The uncertainty “about which online acts are considered ‘communication to the public’ (and therefore require authorisation by right holders), and under what conditions,” was one of the elements the Commission had identified as an obstacle to closing the alleged value gap between right holders and platforms (COM(2015) 626 final, p. 9). Another was the platforms’ claim that they are covered by the ECD safe harbour (id, p.10). The DSMD resolved to get rid of both obstacles.

Primary infringement and the hosting safe harbour

Characterizing OCSSPs’ activities as an act of communication to the public or an act of making available to the public, and thus a primary infringement, was arguably meant to have the effect of depriving those providers of the ECD safe harbour. Indeed, it is largely understood that an activity amounting to a direct infringement necessarily falls outside the safe harbour’s scope, which would only shelter from secondary liability. Arguably, however, this vision rests on a misunderstanding of the ECD’s approach.

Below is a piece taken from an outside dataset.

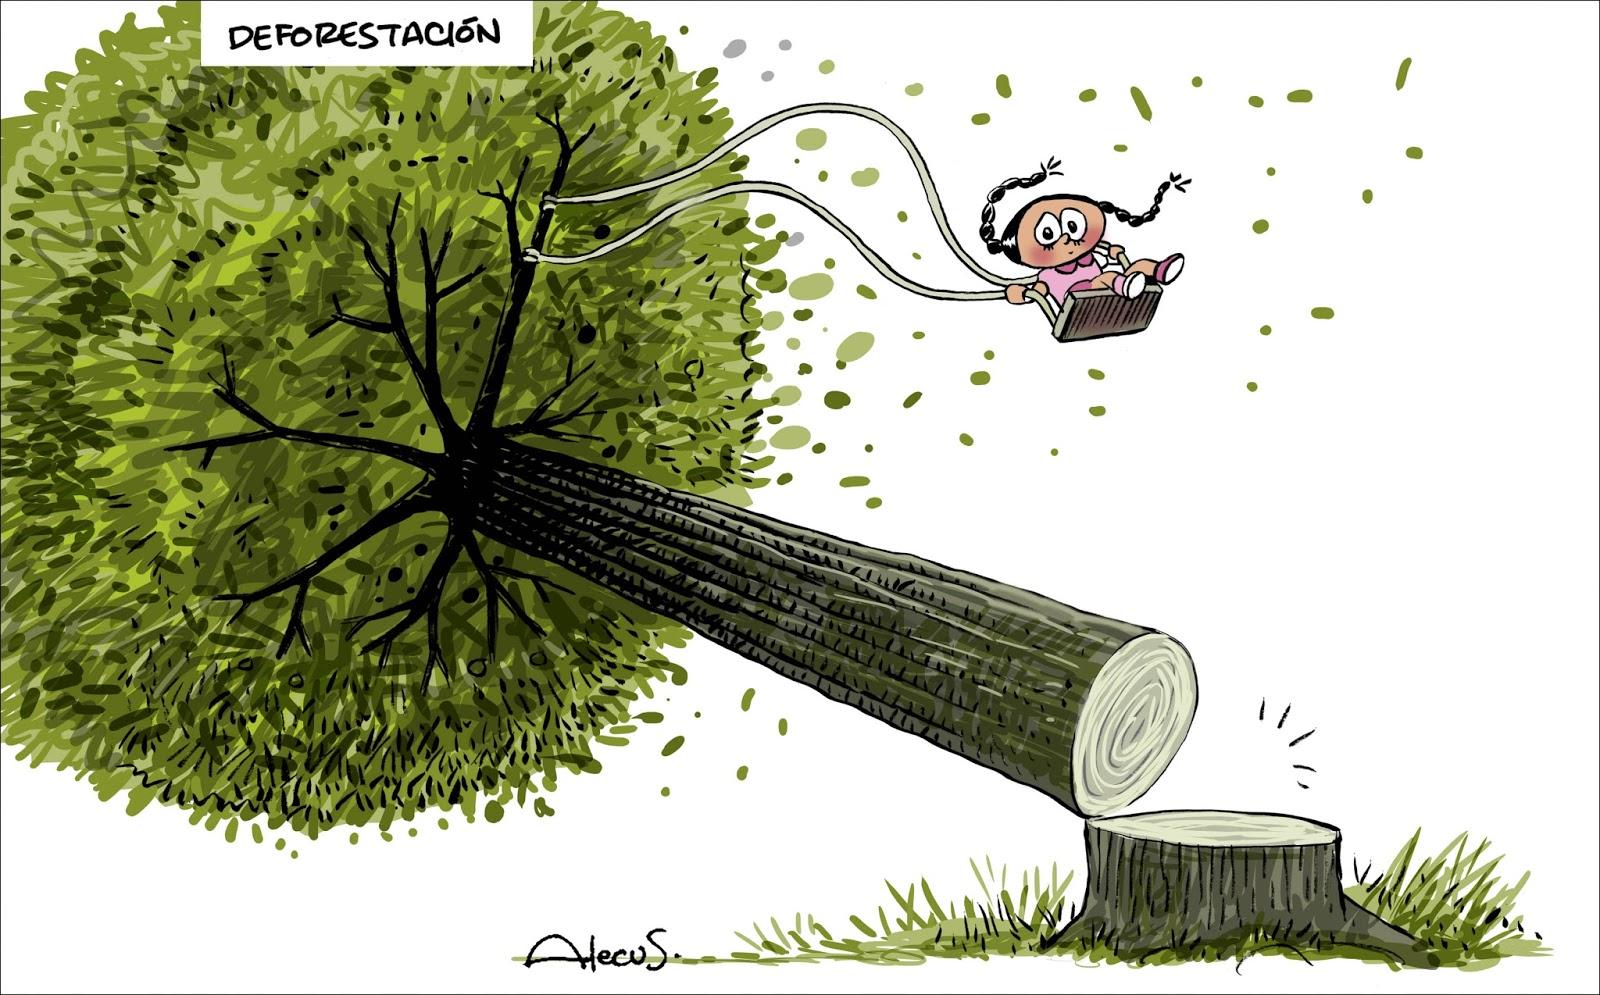 Alecus: Deforestación

The ECD’s hosting safe harbour—when its conditions are met—excludes the possibility of being held liable for hosting illicit content uploaded by users. While the safe harbour requires that the content is supplied by a truly third party—a party not acting under the authority or the control of the provider (see Art. 14(2) ECD)—it does not distinguish between direct and secondary liability. It exempts the liability that might accrue for hosting third-party illicit material, whatever the nature of such material, and regardless of how such liability is conceptualized by the relevant law. It is worth noting that the ECD’s safe harbours are by no means copyright-specific. They cover any sort of liability, whether civil or criminal, certainly not just that arising from copyright infringement. And their effect is not limited to excluding instances of indirect liability; rather they shelter a specific activity regarding third party provided content irrespective of how the underlying material law—and the different national legal traditions, theories and case law—may happen to label it. (Even the copyright-specific US DMCA, which undoubtedly inspired the ECD, leaves no doubt about its scope: it covers direct, contributory and vicarious liability: see HR Report 105-796, at 73).

Neutrality

A second argument commonly put forward appears to deem that an act amounting to a primary infringement will necessarily fail to meet the neutrality threshold set forth by the CJEU. Nonetheless, the threshold requirement of neutrality—leaving aside its problematic basis—is ill-suited to distinguish between primary and secondary infringements of copyright. None of the criteria suggested by the CJEU to find lack of neutrality coincides necessarily with those used by the Court to find direct infringement, particularly regarding the right of communication to the public, where the CJEU jurisprudence has been notably convoluted and unpredictable.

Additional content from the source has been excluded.